By clicking “Sign up for GitHub”, you agree to our terms of service and privacy statement. We’ll occasionally send you account related emails.
Already on GitHub? Sign in to your account
Pick a software license! #4
Comments
GPLv3 definitely seems like a solid choice. Mainly, let's stay away from MIT to prevent HFs from trying to commodify and sell our software and pass it off ac their own. Maybe we can use the Apache license so if they try to sell our software it's clear that it's ours and it's free! |
The 3-Clause BSD License is also a good candidate. This website explains several popular licenses for open-source projects: |
here’s a good tool to look at options! https://chooser-beta.creativecommons.org/ my only preference is that the license doesn’t allow privatization. anybody that uses this repo needs to do so transparently and sharing their derivative works. imo we should find a way to democratize pull requests. my suggestion: set up a timeline for an issue, and once the options for pull requests are up and after a discussion period or whatever, whichever pull request has the most thumbs up gets merged in. we should get that process done first though, i’ll open a new issue for that. |
I don't know anything but can we have a custom license that explicitly bars certain entities from using code therein. |
That's not very F/LOSS tho
…On Thu, Feb 18, 2021, 21:11 mike donovan ***@***.***> wrote:
I don't know anything but can we have a custom license that explicitly
bars certain entities from using code therein.
—
You are receiving this because you commented.
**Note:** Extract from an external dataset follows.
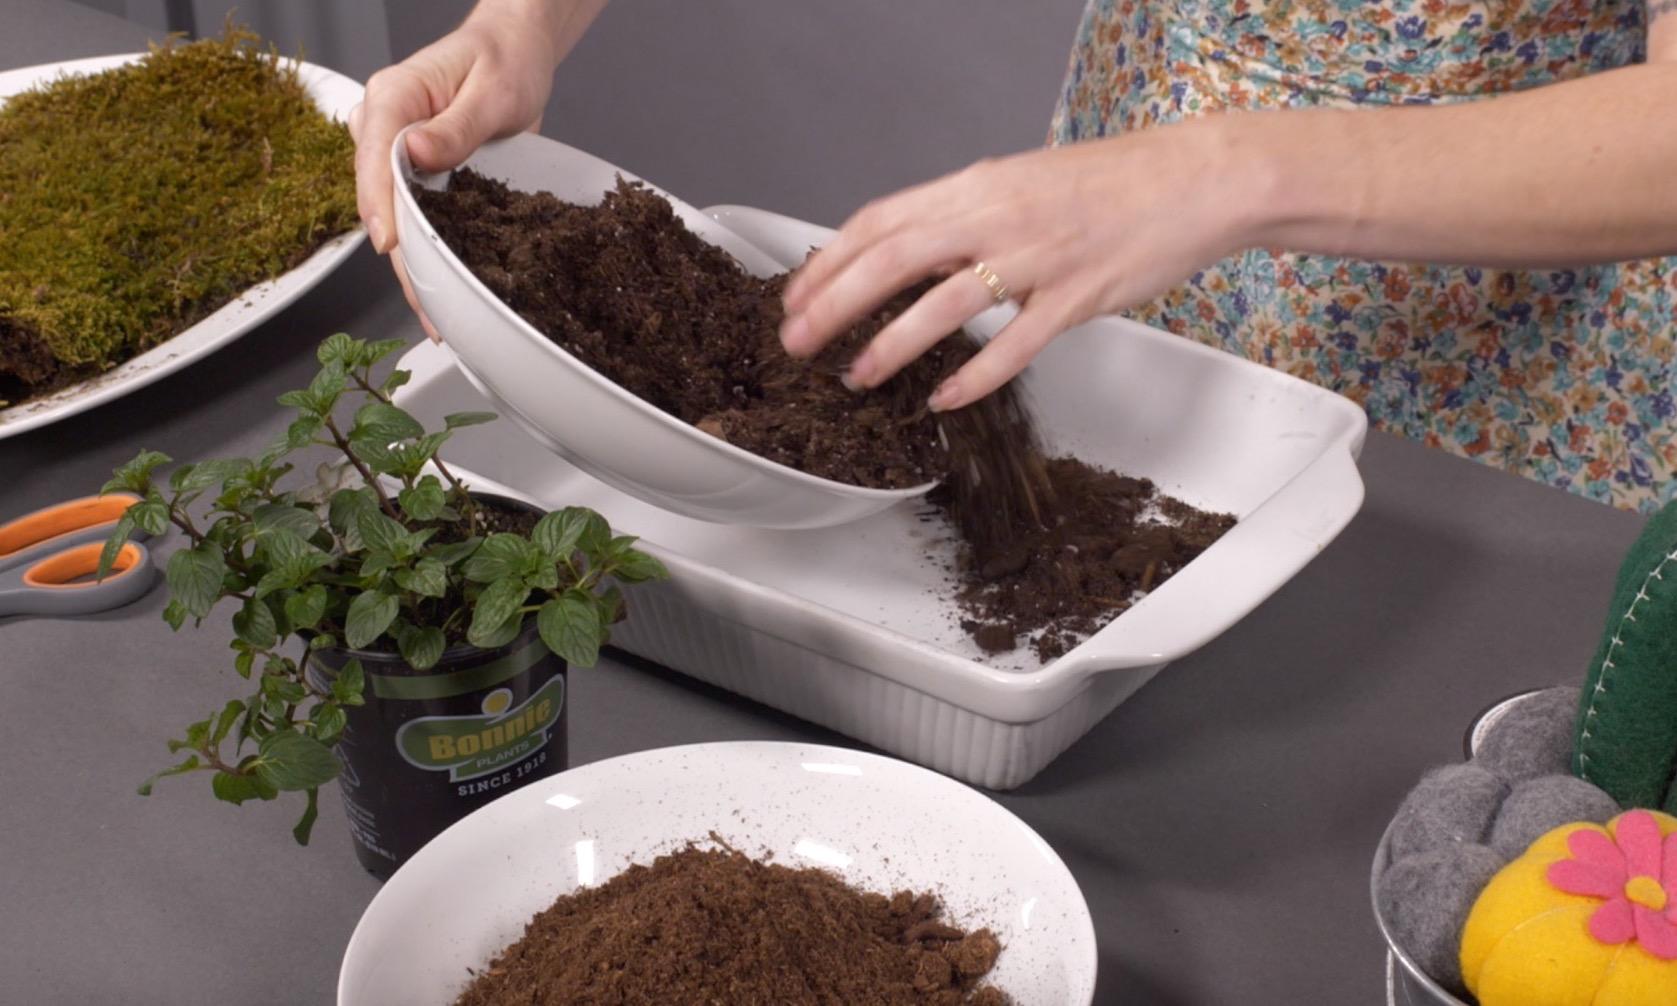 mix together bonsai soil and peat moss to make a kokedama

Reply to this email directly, view it on GitHub
<#4 (comment)>,
or unsubscribe
<https://github.com/notifications/unsubscribe-auth/AEBOJNBD47SEF6A43PQPSRTS7XJHPANCNFSM4X3RJ6SA>
.
|
I think a really important part of this project is going to be picking your license. You are going to want to pick something that fits tightly with your goals. I am thinking your main purposes it to create a set of tools to help the everyday investor get a level playing field with the HF. So you want to make sure that the HF are not able to steal all of your hard earned work. WE can protect the code that we write by the license that we pick. I do not know all of the specifics here but it's definitely worth sometime thinking about what exactly we want to achieve. Do we want to create an open source project that ANYONE (including HF) is free to use and incorporate into their tech stacks. Or do we want to create a dual license software where companies are allowed to purchase the right to use our software and everyday individuals are allowed to use our software freely. Here are some links on licenses: I am not suggesting a choice but rather trying to start a discussion. I also think it would be best to figure out which license(s) to pick before writing too much code. |
@Macr0Nerd that’s the paradox of tolerance - i’m not against barring citadel from using our code for company purposes 🤷🏼 |
That goes against the idea of open source tho and free software |
Most of these licenses aren't going to do anything towards hedge funds using it, because they wouldn't be redistributing this code. You do something custom that bars them specifically from using them or something, but then you're likely going to need a lawyer. But adding some protection so they can't package it up and sell it is a good idea. Personally I'd lean towards the Apache 2 license. It has some patent protections built in and is fairly permissive. |
yes, hence the paradox. |
@DrewMcArthur @Macr0Nerd It's a great discussion to have. I think we should really discuss what the goal of our software is going to be. Is our goal to level the playing field and democratize data gathering for the everyday investor or is to create free open source tools for everyone to use? I think our goal pretty clearly lies more in the democratization of data and leveling the playing field for the everyday investor. The reason I think a dual license is optimal is because we are able to offer the tools free to our target audience. We could then decide how we want to manage the license for hedge funds. I understand that would mean we are no longer completely free and open source but that is the trade off we would need to make. |
These guys were cool with effectively stealing millions of dollars from individuals, not sure they are going to give a shit about licenses. I’m not concerned that HF would repackage and sell what comes from this. They would use it to steal more from us. Honestly, this is 100% my biggest concern with this project. A ton of really great and smart people build a very powerful tool to level the playing field and then the HF get their hands on it and effectively get what they were going to pay Claire $250k a year for free. And now the playing field isn’t level again. |
https://chooser-beta.creativecommons.org/
I'm just copying this out of one of the links I pasted above because I think it's very relevant.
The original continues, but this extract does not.